Credit card payment methods aren’t one-size-fits-all. The best way to accept credit card payments for your small business depends on your industry, customer preferences, and the types of transactions you process most often — whether that’s in-store, online, or remote. Below, we break down five essential tools that cover the core use cases and help you choose the right fit.

JIM: best for small businesses on tight budget who avoid hardware and installation hassle

JIM is designed for entrepreneurs who want the best way to accept credit card payments for small business without the hassle of purchasing hardware or installing complex systems. Instead of terminals or credit card readers, JIM turns any smartphone into a secure point-of-sale device. That makes it ideal for freelancers, mobile service providers, or local shops looking for low-cost simplicity with professional-grade payment acceptance.

Fees

  • Flat rate: 1.99% per transaction, regardless of transaction size

Pros

  • No hardware or installation required
  • Works directly from your iPhone
  • Transparent flat fee with no hidden costs
  • Quick setup, ideal for new businesses
  • Mobile and flexible for on-the-go payments

Cons

  • Lacks advanced POS features like inventory tracking
  • Requires stable internet connection

How to Use JIM?

  1. Download the JIM app.
  2. When making a sale, open JIM, tap the sales amount, and ask your buyer to tap to pay.
  3. Receive your funds in seconds onto your JIM Visa Prepaid Card paying only a 1.99% flat fee, regardless of the transaction amount.

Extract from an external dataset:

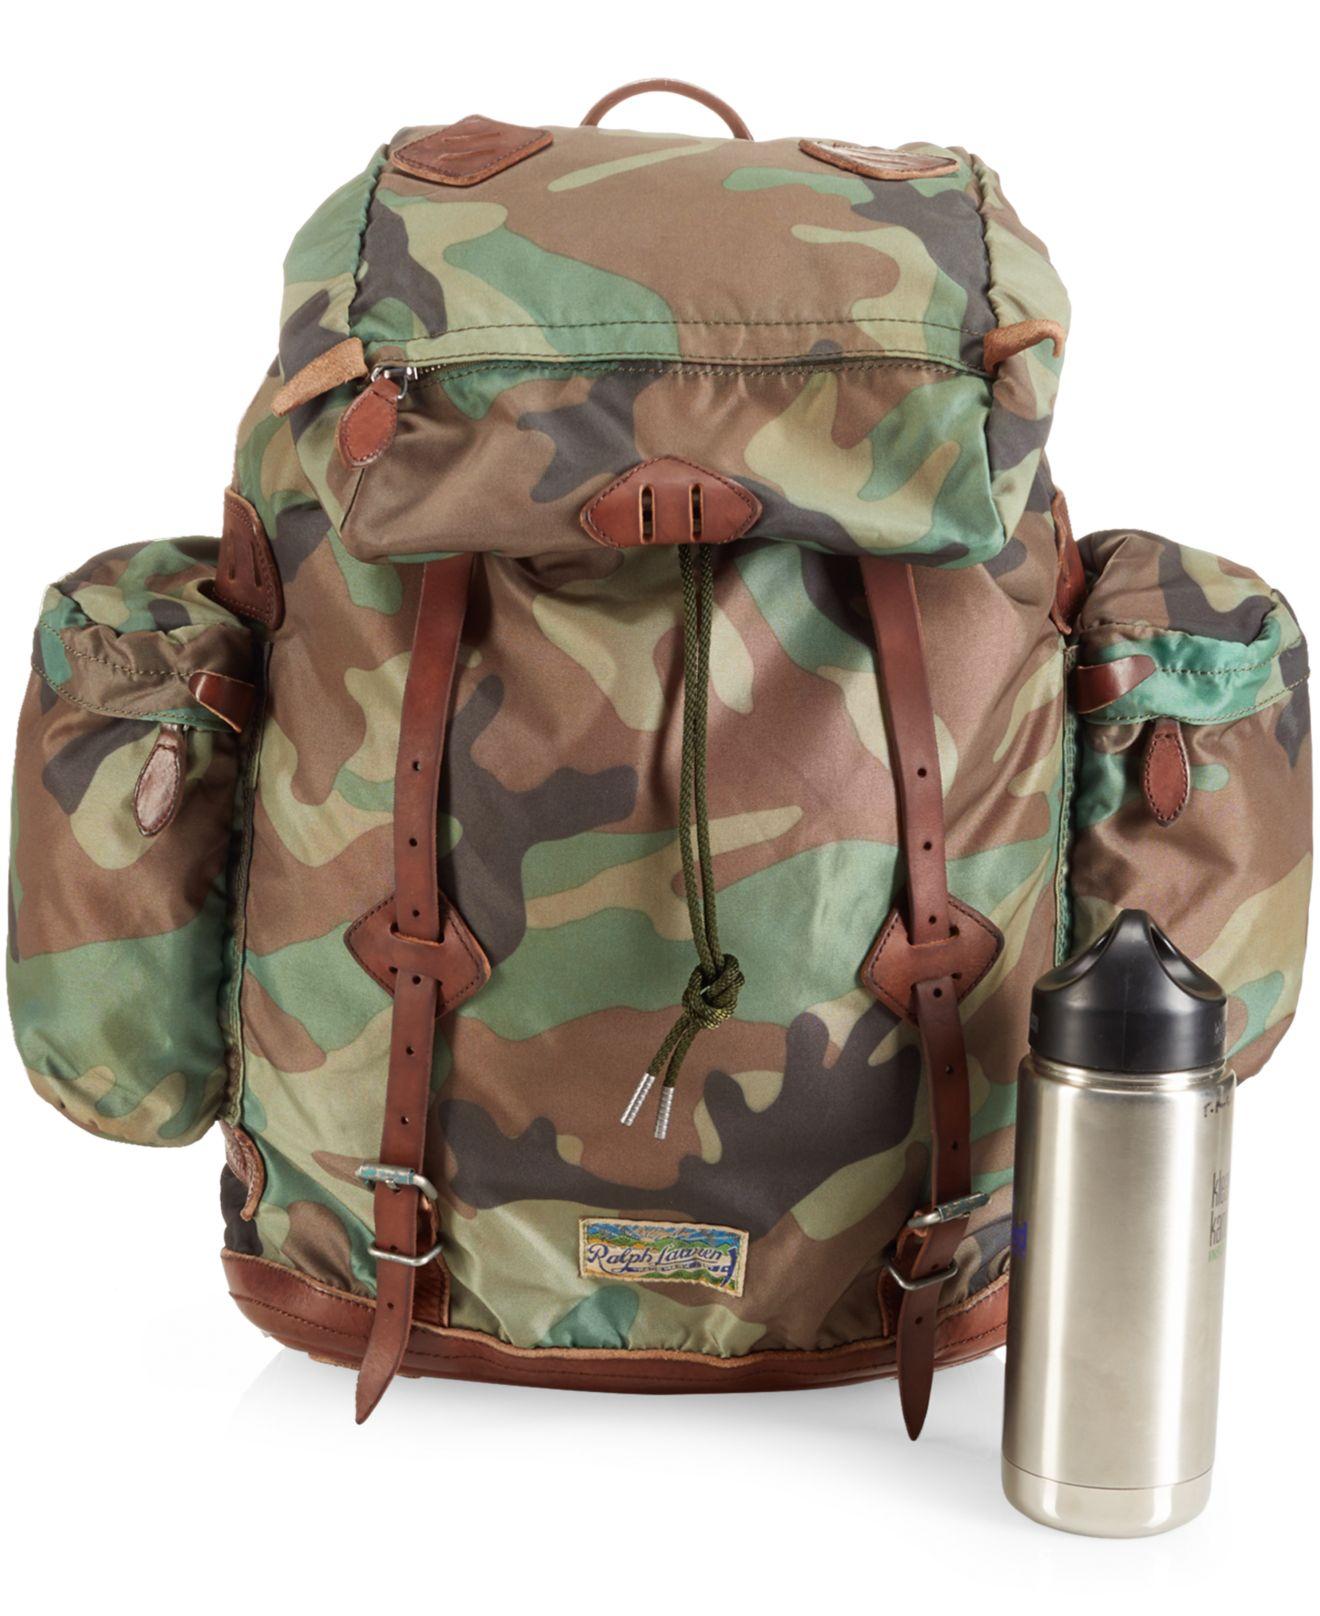 18001f1f39a Lyst - Polo Ralph Lauren Yosemite Nylon Camo Backpack in Green for Men
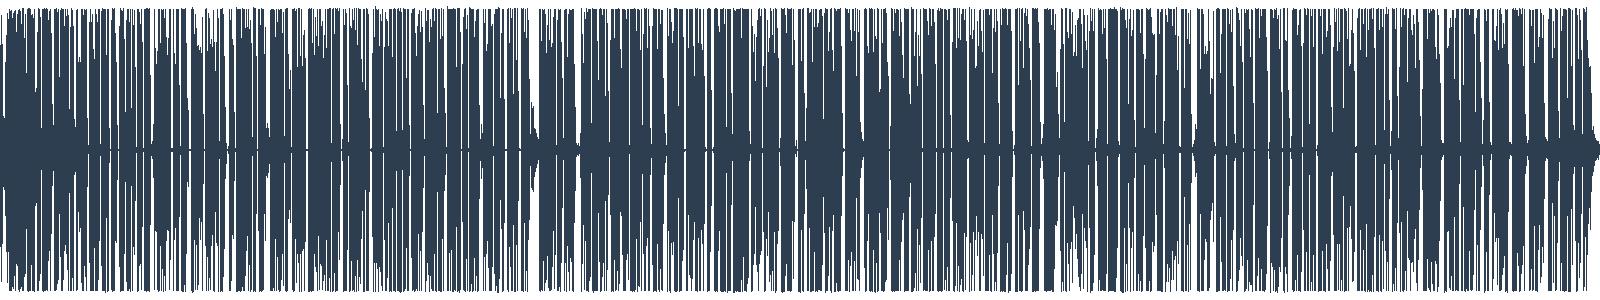 #5 Slovenský klasicizmus (Maturita s Hashtagom) waveform

Shopify: best for e-commerce and omnichannel sellers

Shopify offers one of the best ways to accept credit card payments for small business that operates online, in-store, or across multiple sales channels. Beyond payments, it provides a full e-commerce ecosystem — from website hosting and inventory management to marketing tools. This makes it especially valuable for merchants who want one unified platform to handle both storefront and checkout in a seamless flow.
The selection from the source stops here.